I want to build and display a tree of linked issues using the github.com/xlab/treeprint package. I have a working version, but it doesn't use go-routines, and seems like a good candidate.
The tree part may be irrelevant, though maybe if I return different values from my function, I could build it in a different way.
func main {
tree := treeprint.New()
recurseTreeFetching(fetcher, tree, *issueID)
fmt.Println(tree.String())
}
func recurseTreeFetching(fetcher Fetcher, tree treeprint.Tree, issueID string) {
issues := fetcher.fetchIssues(issueID)
if len(issues) == 0 {
return
}
for i := 0; i < len(issues); i++ {
currIssueID := issues[i].Key
currBranch := tree.AddBranch(currIssueID)
recurseTreeFetching(fetcher, currBranch, currIssueID)
}
}
This works, but it's pretty slow. I've looked at answers like this: /recursive-goroutines-what-is-the-neatest-way-to-tell-go-to-stop-reading-from-ch, but I'm struggling to get it to work.
I'm not limiting depth, nor checking for already added nodes.
I've tried "sprinkling on some concurrency." But the function deadlocks. Any guidance or fixes?
func main {
tree := treeprint.New()
var ch chan int
go recurseTreeFetching(fetcher, tree, *issueID, ch)
tocollect := 1
for n := 0; n < tocollect; n++ {
tocollect += <-ch
}
fmt.Println(tree.String())
}
func recurseTreeFetching(fetcher Fetcher, tree treeprint.Tree, issueID string, ch chan int) {
issues := fetcher.fetchIssues(issueID)
if len(issues) == 0 {
return
}
ch <- len(issues)
for i := 0; i < len(issues); i++ {
currIssueID := issues[i].Key
currBranch := tree.AddBranch(currIssueID)

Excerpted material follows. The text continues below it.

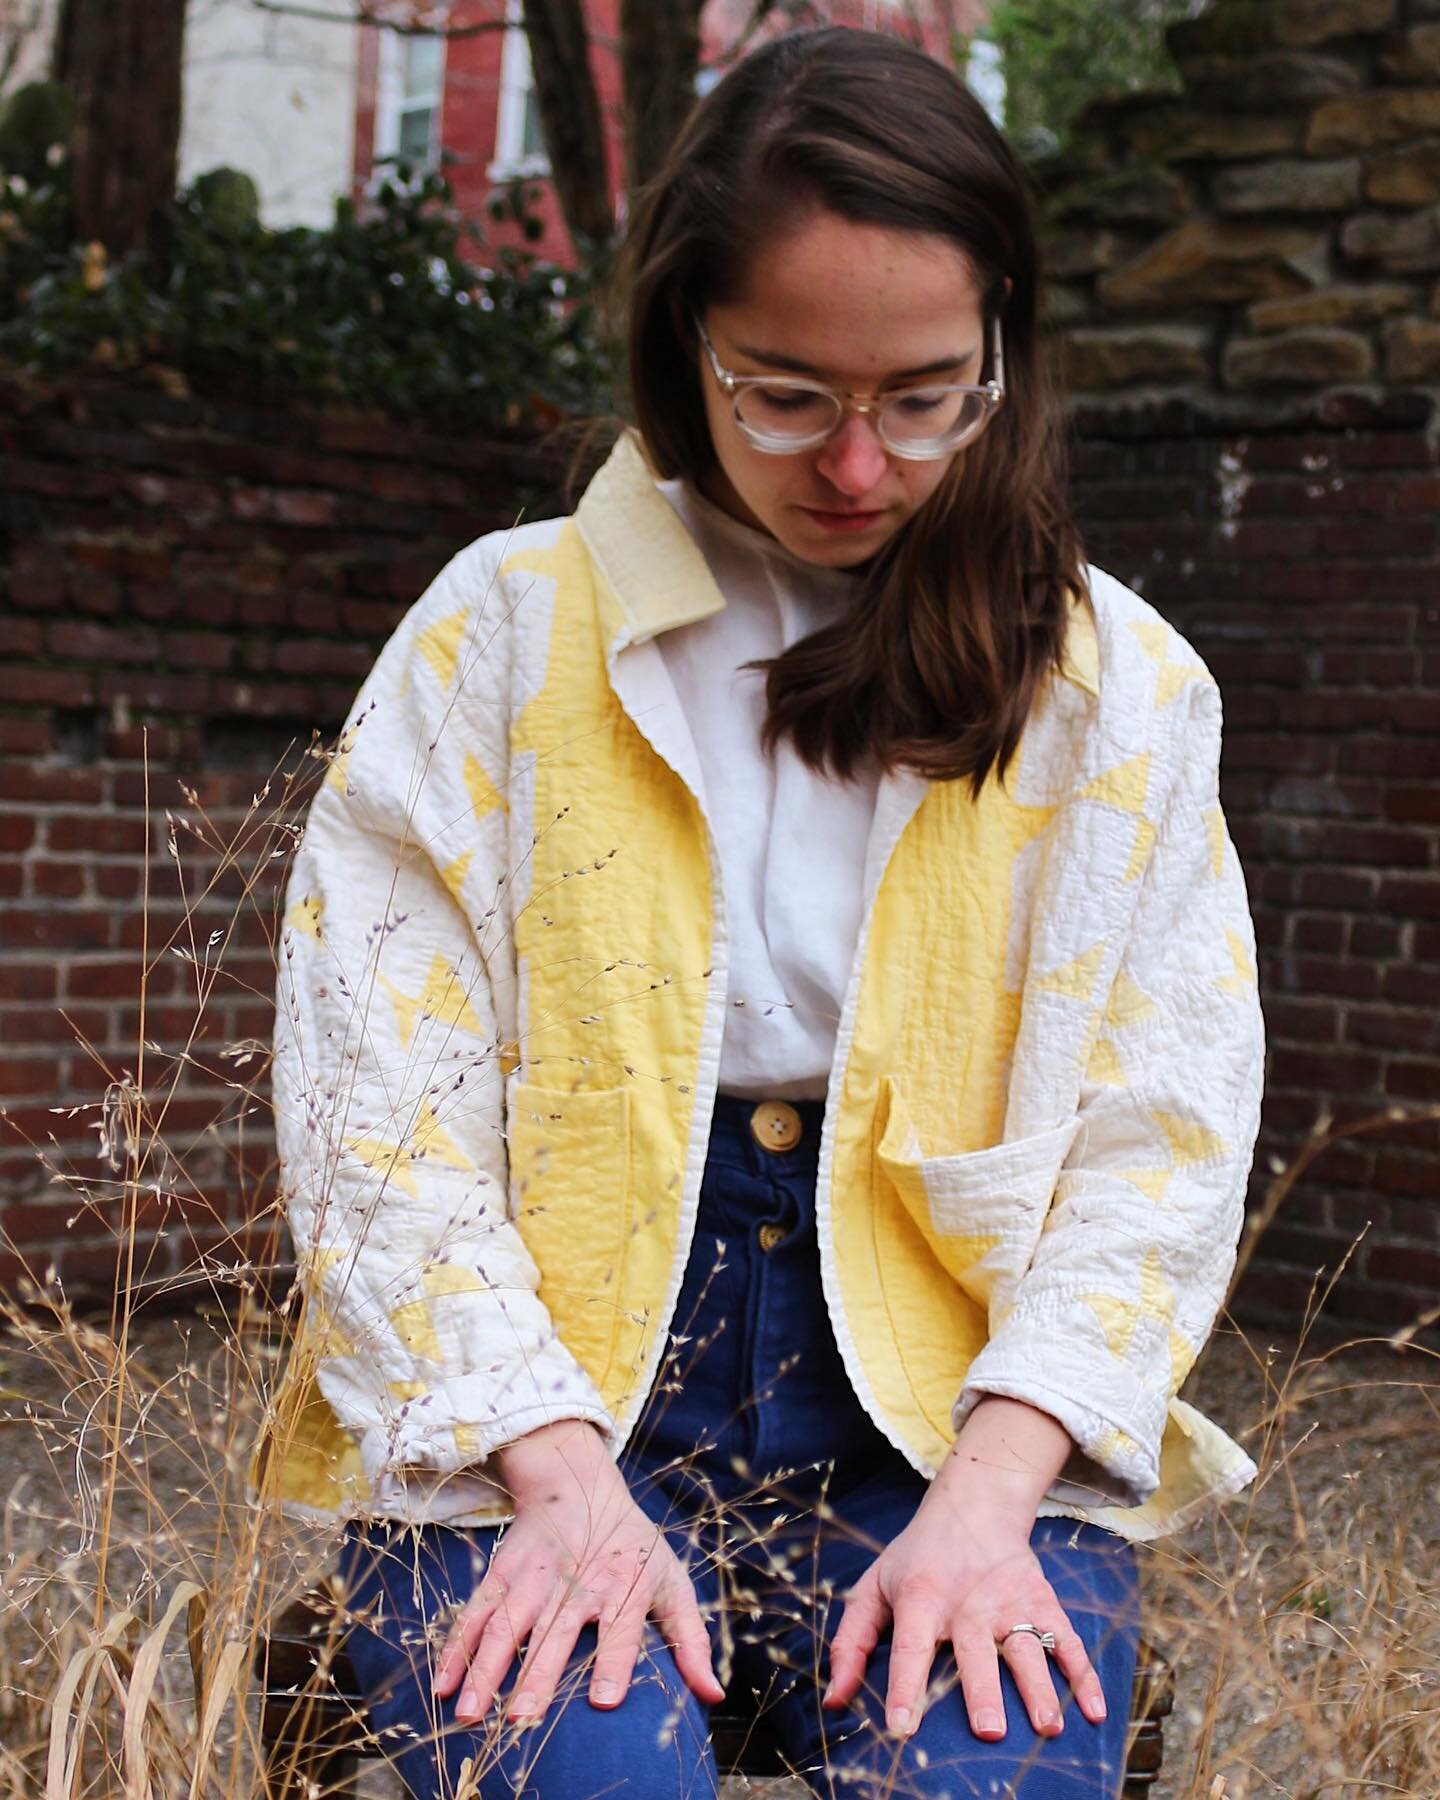 heard the temperature is dropping into the 40&rsquo;s tonight in Pittsburgh, which means it&rsquo;s quilt coat weather! the #allwellcardigancoat pattern is perfect for making all sorts of layers &mdash; from light linen popovers to boiled wool cardig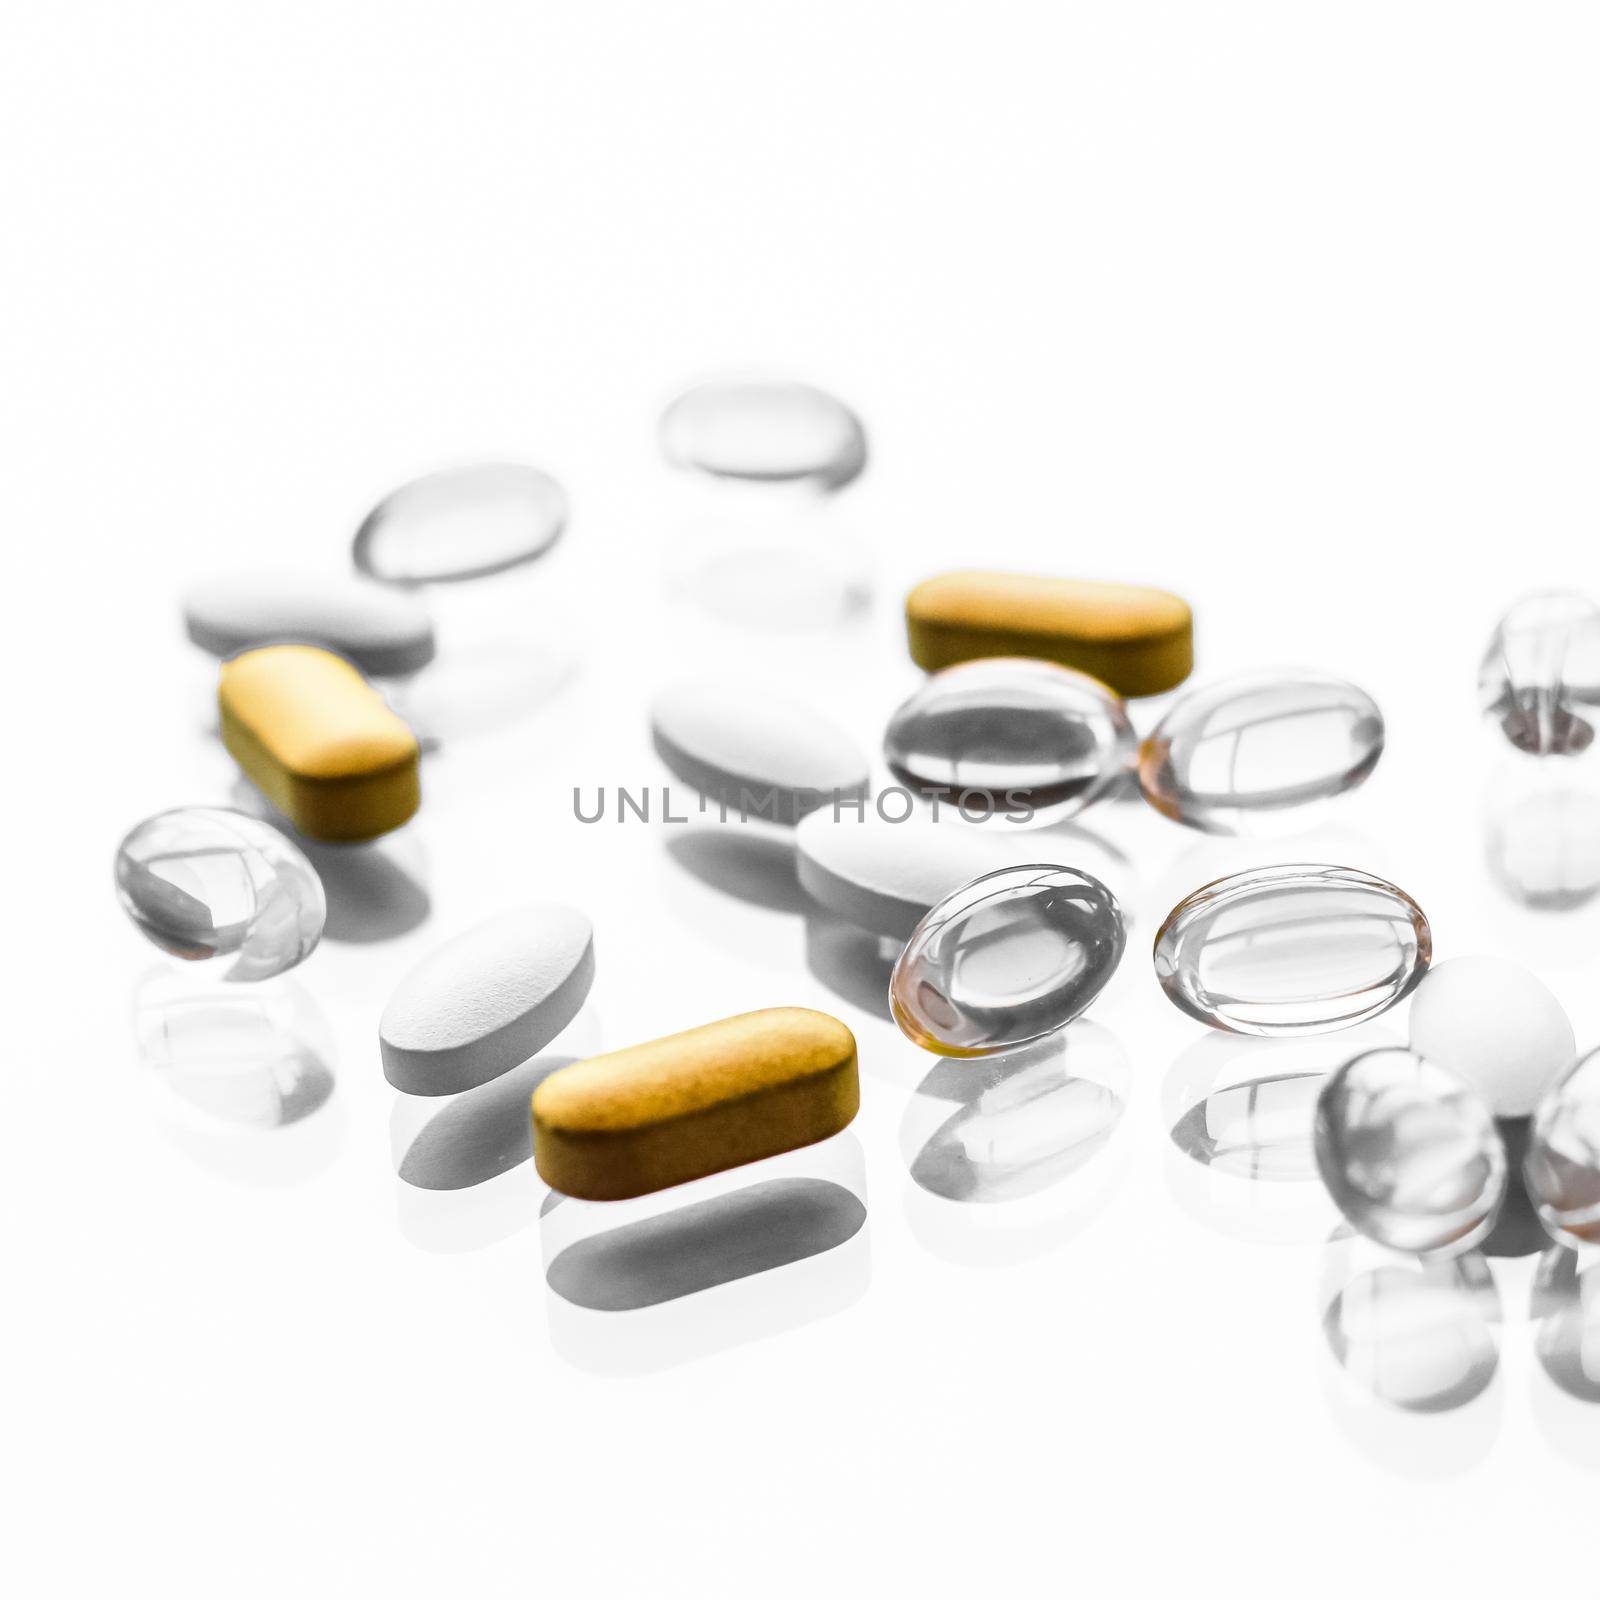 Pharma, branding and lab concept - Pills and capsules for diet nutrition, anti-aging beauty supplements, probiotic drugs, pill vitamins as medicine and healthcare cosmetics, pharmacy brand background

go recurseTreeFetching(fetcher, currBranch, currIssueID, ch)
}
}
Adding another answer because it uses a different method.
The problem with my first solution is if we never reach the depth variable, we never get a done <- true, so the function never "wraps up". If this is not called deadlock, what is it called?
The idea of the following code is as follows:
Potential problems:
If one branch takes significantly longer than another, I believe the code could subtract the children value to 0 before the slow branch is complete.
func recurseTreeFetching(fetcher Fetcher, tree treeprint.Tree, issueID string, ch chan int, depth int) {
issues := fetcher.fetchIssues(issueID)
if len(issues) == 0 {
// delete this child
ch <- -1
return
}
depth--
if depth == 0 {
// delete this child
ch <- -1
return
}
// add the number of child issues, minus the current one
ch <- len(issues) - 1
for i := 0; i < len(issues); i++ {
currIssueID := issues[i].Key
currBranch := tree.AddBranch(currIssueID)
go recurseTreeFetching(fetcher, currBranch, currIssueID, ch, depth)
}
}
And the client code:
go recurseTreeFetching(fetcher, tree, *issueID, ch, *depth)
childs := 1
for childs > 0 {
childs += <-ch
}
fmt.Println(tree.String())
Here's a test that I thought would demonstrate the bug, however it displays correctly, so maybe this works.
type fakeUnEvenFetcher struct {
}
func (f fakeUnEvenFetcher) fetchIssues(issueID string) []Issue {
var array []Issue
// initial return
if issueID == "a" {
b := Issue{Key: "b"}
array = append(array, b)
c := Issue{Key: "c"}
array = append(array, c)
}
// branch b quickly returns three results
if issueID == "b" {
d := Issue{Key: "d"}
array = append(array, d)
e := Issue{Key: "e"}
array = append(array, e)
}
// branch c returns two returns after 3 seconds
if issueID == "c" {
time.Sleep(3 * time.Second)
f := Issue{Key: "f"}
array = append(array, f)
g := Issue{Key: "g"}
array = append(array, g)
h := Issue{Key: "h"}
array = append(array, h)
}
return array
}
func TestUnEvenFetch(t *testing.T) {
fetcher := fakeUnEvenFetcher{}
tree := treeprint.New()
var ch = make(chan int)
go RecurseTreeFetching(fetcher, tree, "a", ch, 3)
childs := 1
for childs > 0 {
childs += <-ch
}
fmt.Println(tree.String())
}
This prints:
.
├── b
│ ├── d
│ └── e
└── c
├── f
├── g
└── h
Which is my expected result, but not the failure I was expecting.